Crude-oil futures for May delivery CLK3 -1.28% shed 75 cents, or 0.8%, to $93.70 a barrel on the New York Mercantile Exchange.
The contract settled with a $2.74 loss at $94.45 a barrel on Wednesday, hurt by a bigger-than-expected increase in last week’s U.S. crude supplies and a slowdown in private-payrolls growth.

Oil investors on Thursday were tracking monetary-policy decisions from major economies.

“The inaugural speech from Japan’s new finance minister initially buoyed markets overnight,” said Matt Smith, commodity analyst at Schneider Electric in Louisville, Ky.

“Then a more bearish tone was cast by the Bank of England and ECB as they kept interest rates unchanged at low levels, while reaffirming the need for ongoing accommodative monetary policy to keep their respective economies from derailing further,” he said.

Both the European Central Bank and the Bank of England left rates at record lows. At the ECB’s monthly news conference, President Mario Draghi acknowledged that the recovery in the second half of th year is still at risk of being thrown off course.

Wednesday’s petroleum inventory data seemed to be “the straw that broke the camel’s back for this recent rally” in oil, said Smith. Then Thursday’s poor jobless-claims data — hot on the heels of Wednesday’s weak ADP report and ahead of nonfarm payrolls Friday — combined with downbeat comments out of the ECB’s Draghi to send crude spiraling lower,” he said.

Meanwhile, the Bank of Japan pledged to achieve a 2% inflation target in about two years and announced plans to increase government bond purchases at an annual pace of 50 trillion yen ($530 billion).

Bearish momentum should continue in oil prices, “as aggressive policy action by Japan is sending the dollar soaring, which should put downward pressure on crude as our dollar purchasing power improves,” said Phil Flynn, senior market analyst at Price Futures Group.

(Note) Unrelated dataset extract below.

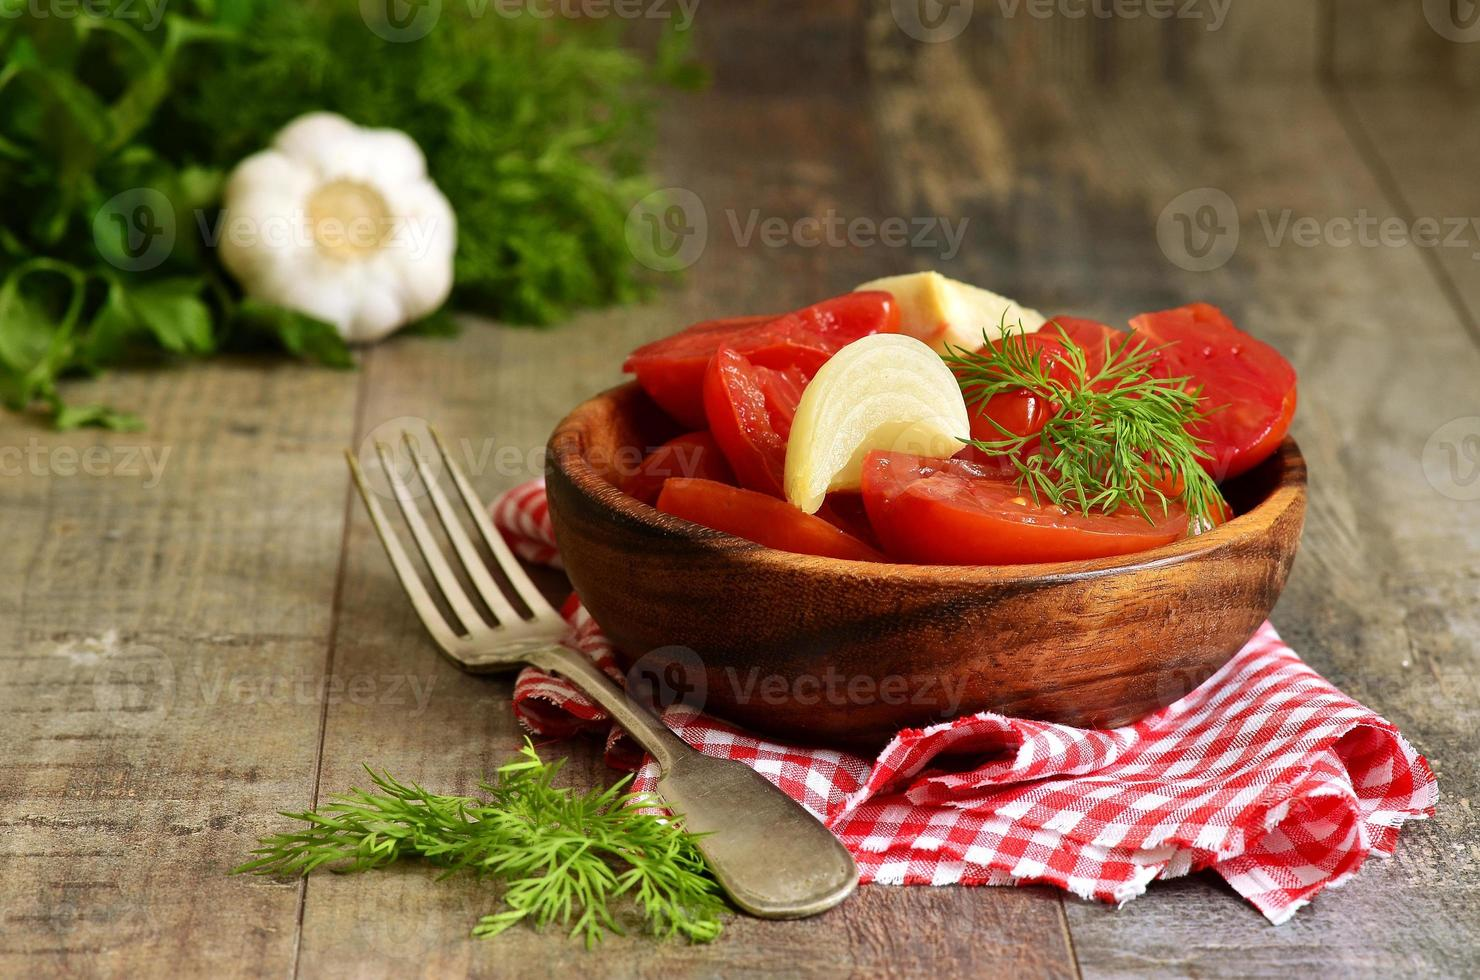 hausgemachte marinierte Tomaten. foto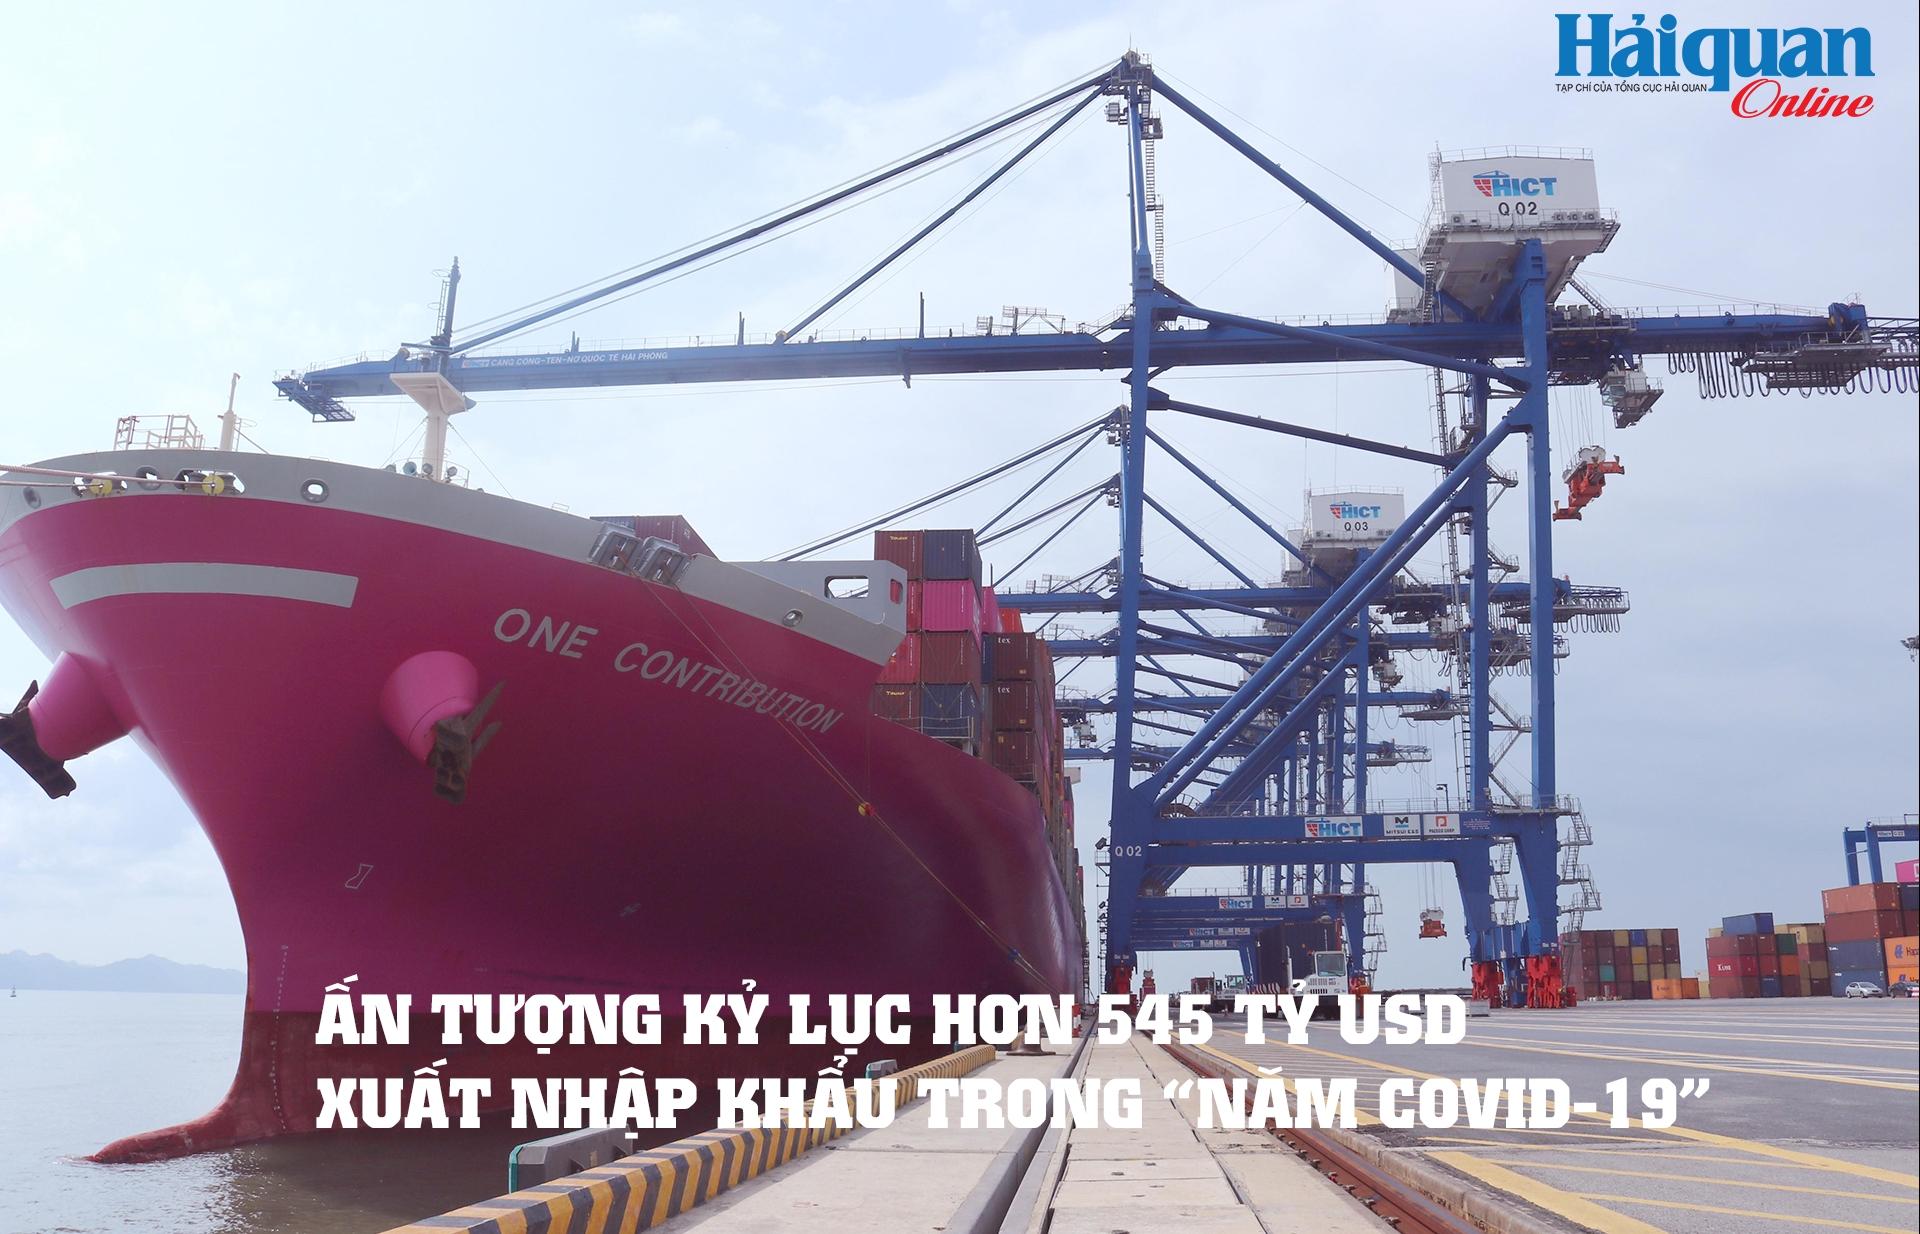 MEGASTORY: Ấn tượng kỷ lục hơn 545 tỷ USD xuất nhập khẩu trong

“Japan is going all in on monetary policy, printing yen without apologies doubling its money supply, trying to shock its economy out of deflation until the whole thing comes crashing down or inflation exceeds 2%,” he said.

The move sent the yen sharply lower, helping lift the ICE dollar index DXY +0.38% to 83.068 from 82.712 seen in late Wednesday in North America.

Elsewhere in the energy complex, gasoline for May delivery RBK3 -0.24% was down half a cent, or 0.2%, at $2.91 a gallon, while heating oil for the same month HOK3 -1.03% was down 2.5 cents, or 0.9%, at $2.98 a gallon.

May natural gas NGK13 +0.36% put on 3 cents, or 0.7%, to $3.93 per million British thermal units.

The U.S. Energy Information Administration will issue its weekly update on natural-gas supplies at 10:30 a.m. Eastern. Analysts polled by Platts forecast a decline of between 90 billion cubic feet and 94 billion for the week ended March 29.